The Legend of the Grand Inquisitor revealed Ivan’s enlightened rationalism for a humanistic dystopia, the socialist utopia that Dostoevsky condemned. Only when, in a hallucination, the "devil"--Ivan’s dark side-- revealed the parable of the learned atheist and thus rationalism’s arid futility did Ivan realized his guilt in rationalizing patricide and prodding Smerdyakov to commit it.

Fyodor Doetoevsky

And Smerdyakov, who mirrored Ivan’s unconsciousness and who carried the latter’s reasoning to the logical conclusion, like Judas, would not have the chance to repent or atone for his crime. In the end, Dmitri assumed his punishment.

Through the tormented consciousness of Dmitri, Ivan, Smerdyakov and other characters, Dostoevsky grabbled with morality in an enlightened but Godless world, a world that he could not accept.

Anna Karenina Book Review

To seek happiness Anna left the proper and dull Karenin for the dashing and exciting Vronsky, but in the end, committed suicide to end her misery. Rather than a comment on morality, Tolstoy through Anna Karenina, as in War and Peace, sought to contrast those who like Anna ignored or opposed the ubiquitous force which direct the destiny of individuals and nations and those who like Levin flowed with it. Both Anna and Levin, unlike Stiva and Dolly, could not passively regurgitate accepted behavior to satisfy social conventions and accept a banal existence, but they paved their paths one to the north and the other to the south.

Red Square, Moscow

Passion directed Anna to oppose social conventions and with all a rebel’s defiance pursued in Vronsky’s arms the happiness that Karenin could not provide.

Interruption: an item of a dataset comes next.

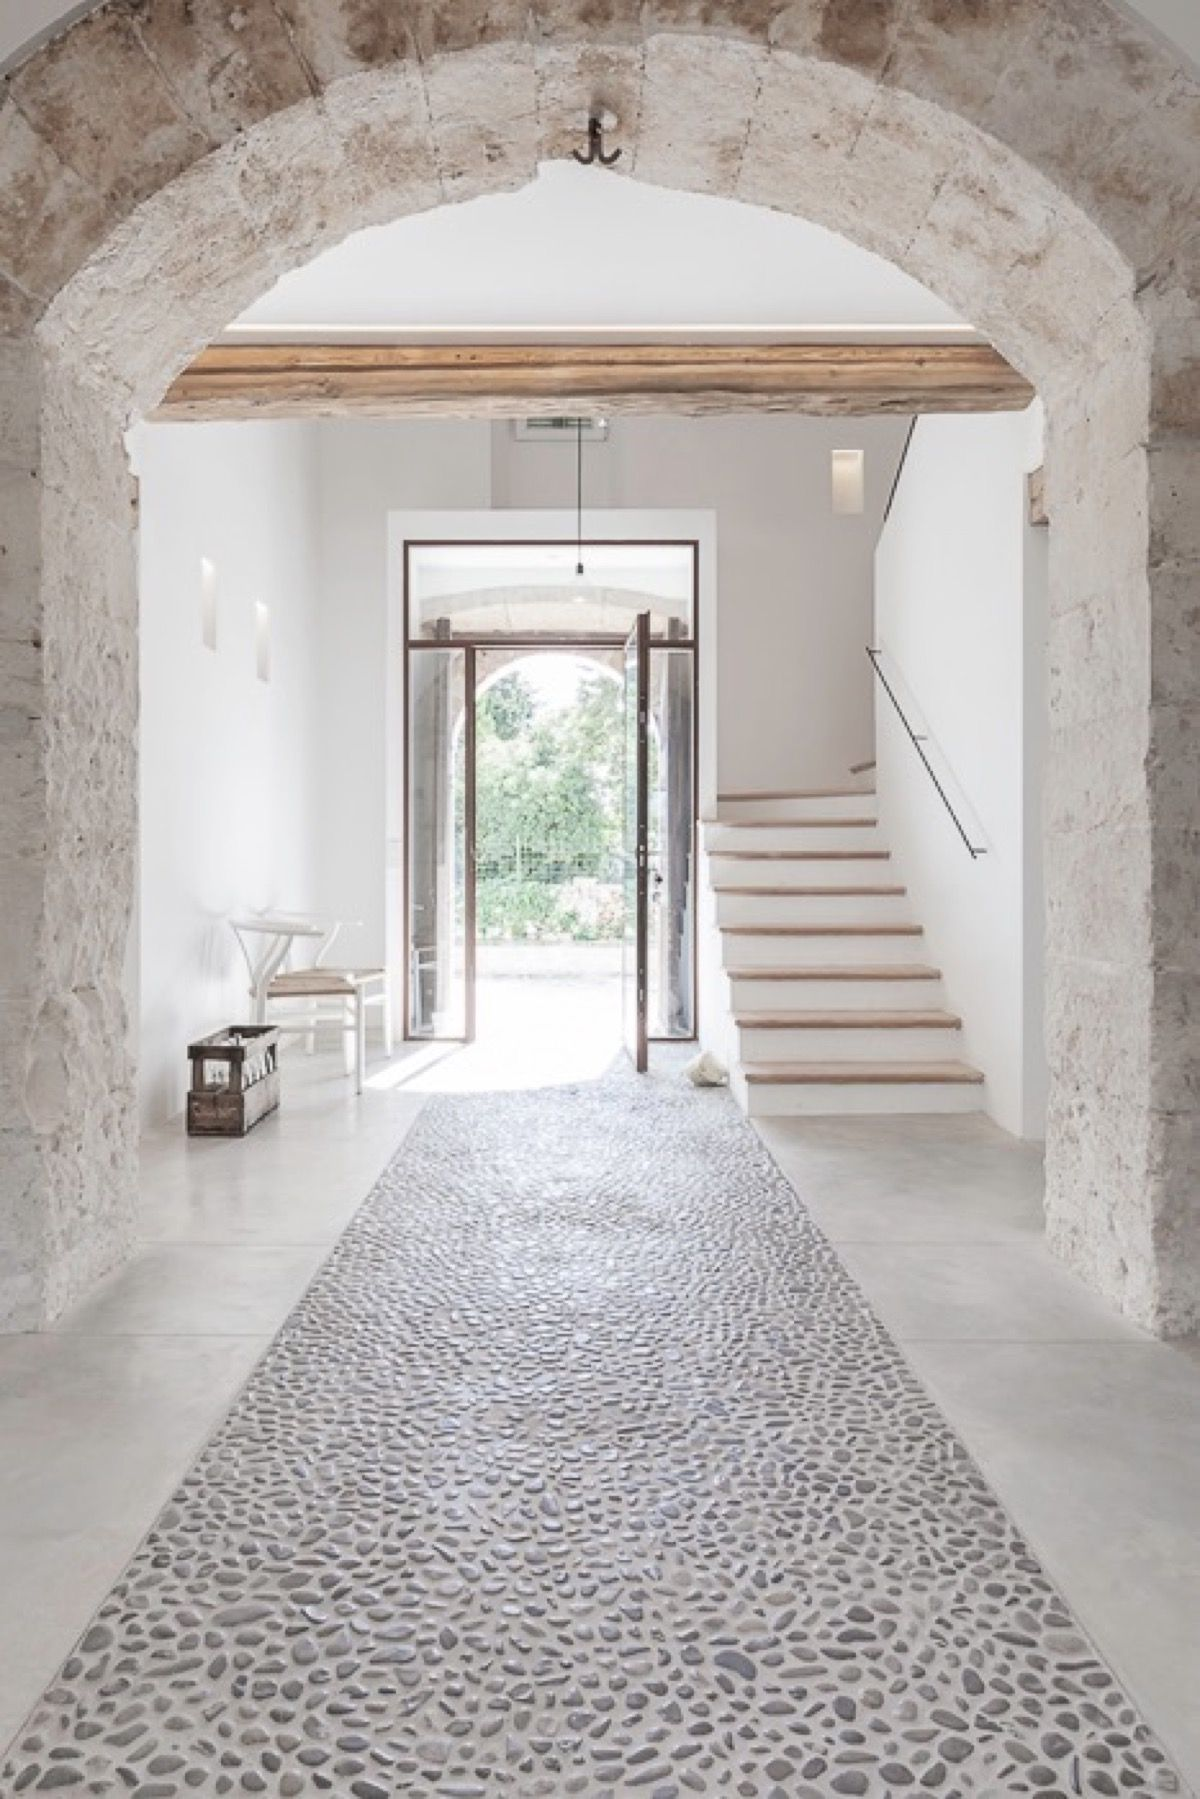 Tipos de suelo de piedra natural y consejos para su limpieza suelos pinterest casas - Piedra natural para interiores ...

They would love as if the whole world belonged to them. But in the end she could not live like Robinson Crusoe and was not strong enough to fend off social forces, which proclaimed reality’s omnipresence.

Levin sought to transform himself and love Kitty as social conventions could only imitate. He sought to transcend social conventions, which were not in sync with the force that directed destinies, to attune to a higher melody, one that resonates wit the natural order of things.

Leo Tolstoy

The diametrically opposing destinies of Anna and Levin revealed, as in War and Peace, Tolstoy’s search to harmonize with a natural force greater than reason, passion or will. For him, to raise the sword against that force would be to embrace the inferno.

Animal Farm Book Review


"All animals are equal but some animals are more equal than others."

Joseph Stalin

In Animal Farm George Orwell reenacted the Russian Revolution and its aftermath, Major, Napoleon, Snowball, Jones, and Frederick incarnating Lenin, Stalin, Trotsky, Tsar Nicolas II and Hitler. But through the fable, Orwell critiques not only communism but also any corruption of power, leaders highlighting real or imagined threats to instill fear in followers and solidify power.

Leon Trotsky

As often repeated throughout history, people out of fear often would submit to the state’s unchecked power in exchange for security real or imagined. In the end, Napoleon exploited the animals just as Farmer Jones previously had and even emulated humans when he gave a dinner to neighboring farmers, who represented the leaders of other nations and would gladly play poker with the tyrant as long as they can benefit from the friendship. Animal Farm is a lighthearted fable for a serious subject.